The cabinet decision removes the right of decision from the minister of defense and grants it unconditionally to the haredi man himself.
The petitioners also said the cabinet decision violated the Basic Law: Freedom and Equality as well as a 1998 High Court ruling that determined that the arrangement whereby draftage haredi men could be exempted from military service had to be based on laws rather than secondary legislation.
Although the two petitions raised similar arguments, Hiddush stressed the alleged illegality in the way the cabinet decision was made.
“We believe it is absolutely clear that no public authority with legal powers may apply them in the way that the cabinet approved the decision,” wrote attorney Yehoshua Schoffman, a former deputy attorney-general, who represents Hiddush.

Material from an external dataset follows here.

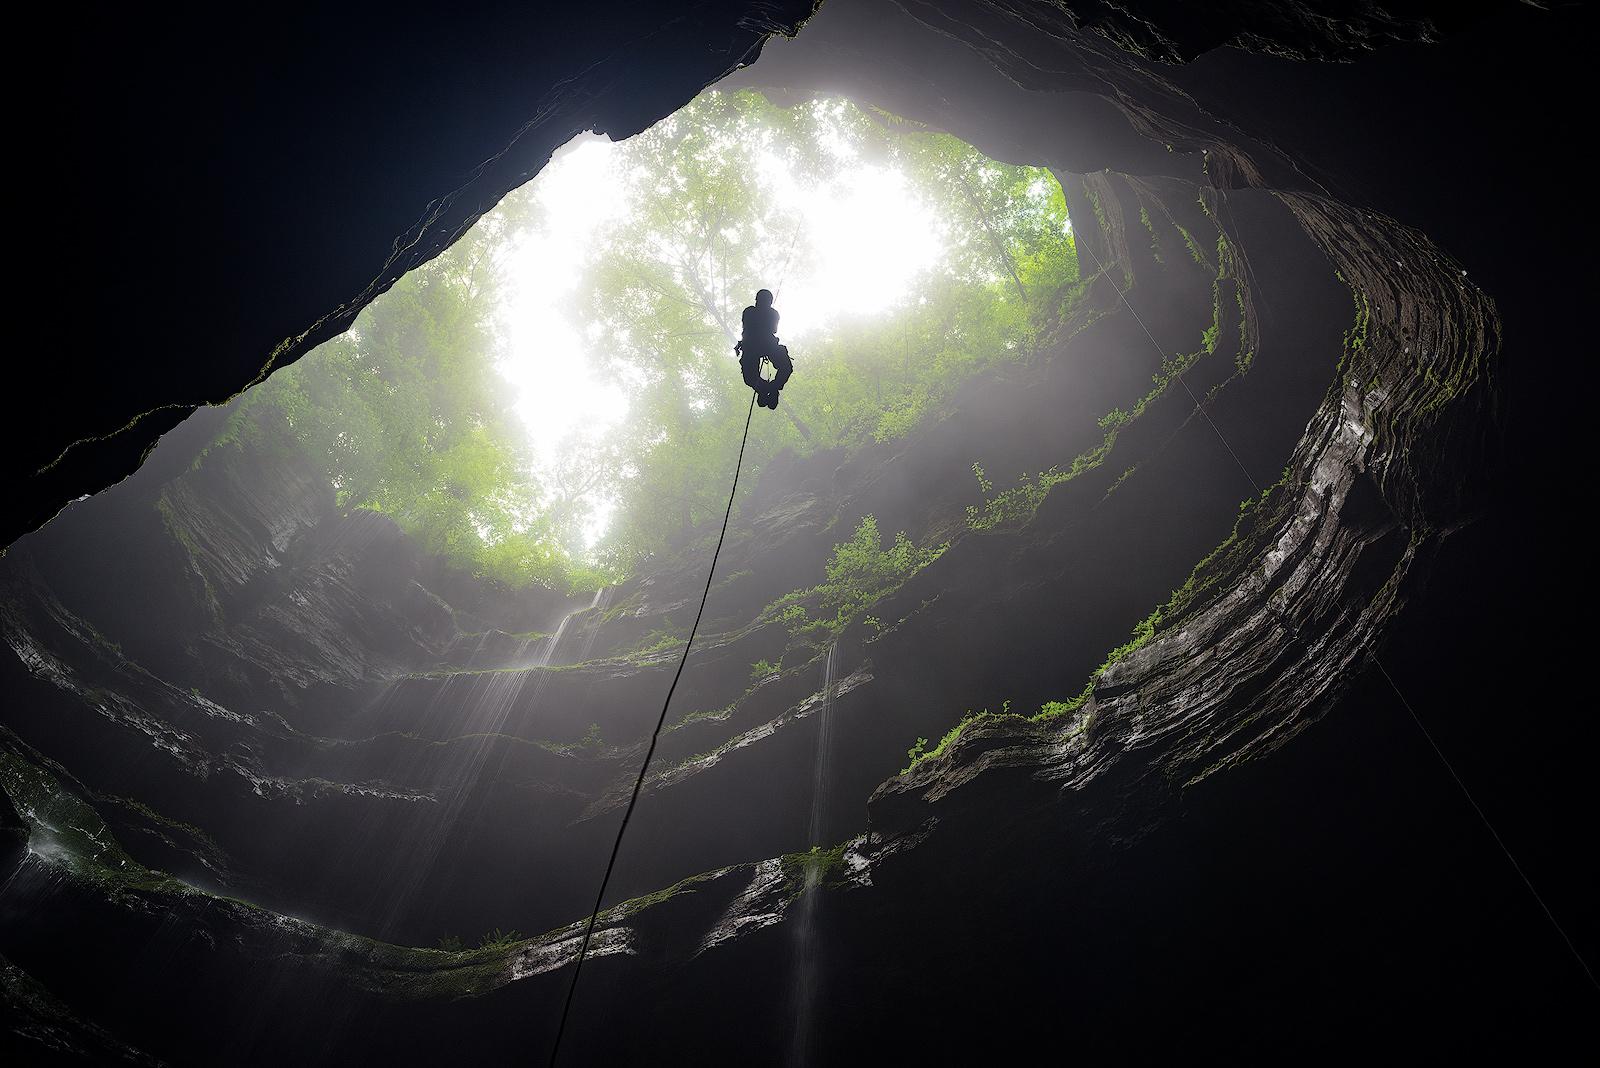 Neversink, Neversink Cave Preserve, Alabama, jackson county, waterfall, pit, fens, moss, southeastern cave conservancy, limestone...

“A decision-making procedure such as this is inconceivable, that is, one in which a public authority gathers dozens of different and diverse issues that the law has authorized it to deal with and instead of examining each issue individually, decides on the entire package en bloc.”
The Movement for Quality Government stressed the fact that the cabinet decision contradicted an existing law, and said that the law was not a dead letter.

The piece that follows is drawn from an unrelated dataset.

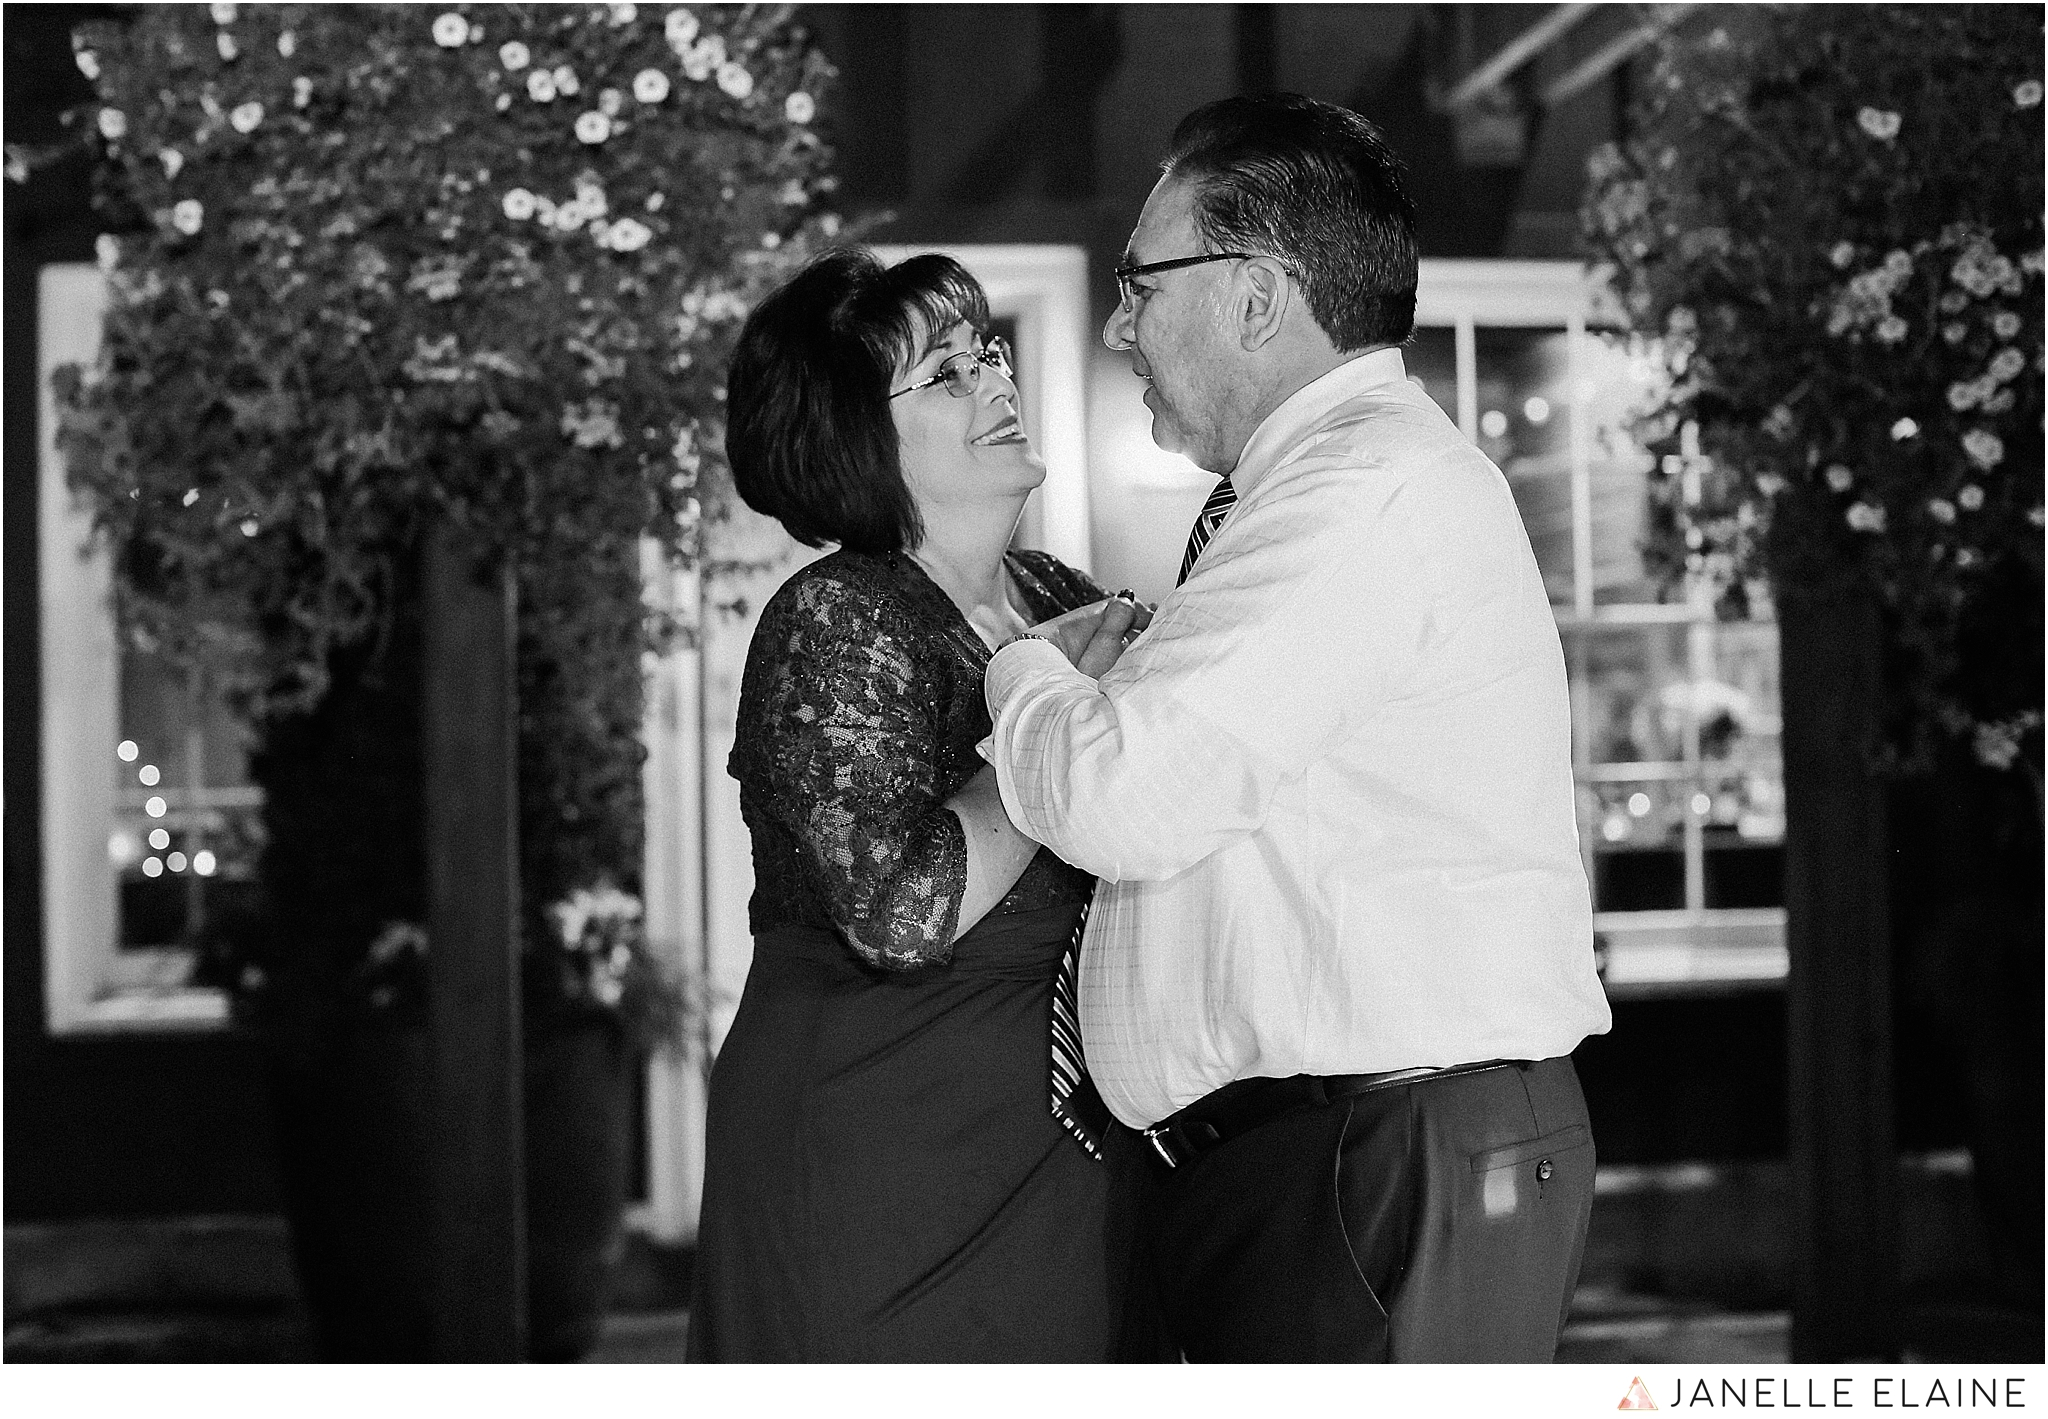 janelle elaine photography-professional wedding photographer-seattle-bellevue-robinswood house-301.jpg

The minister of defense actually did use his discretionary powers to decide which haredi applicant should serve in the army and which could substitute public service for army service, wrote attorneys Eliad Shraga, Tzroya Meidad- Luzon and Dafna Kiro- Cohen. The law had insisted on this to emphasize that military service was more important than public service and that the defense minister, who knew the army’s needs, should be able to determine whether some of the applicants were particularly needed by the army to fill its needs, they wrote.
Not only that, but although the law permits the minister of defense to consider allowing draft-age haredi men to perform public service from the age of 22, the defense minister until now has only allowed those between the ages of 22-26 who are married and have at least one child to do so. He only began to consider the requests of single haredi men from the age of 26.
The cabinet decision allows any draft-age haredi man 22 years of age and older to choose public service, whether he is married or not.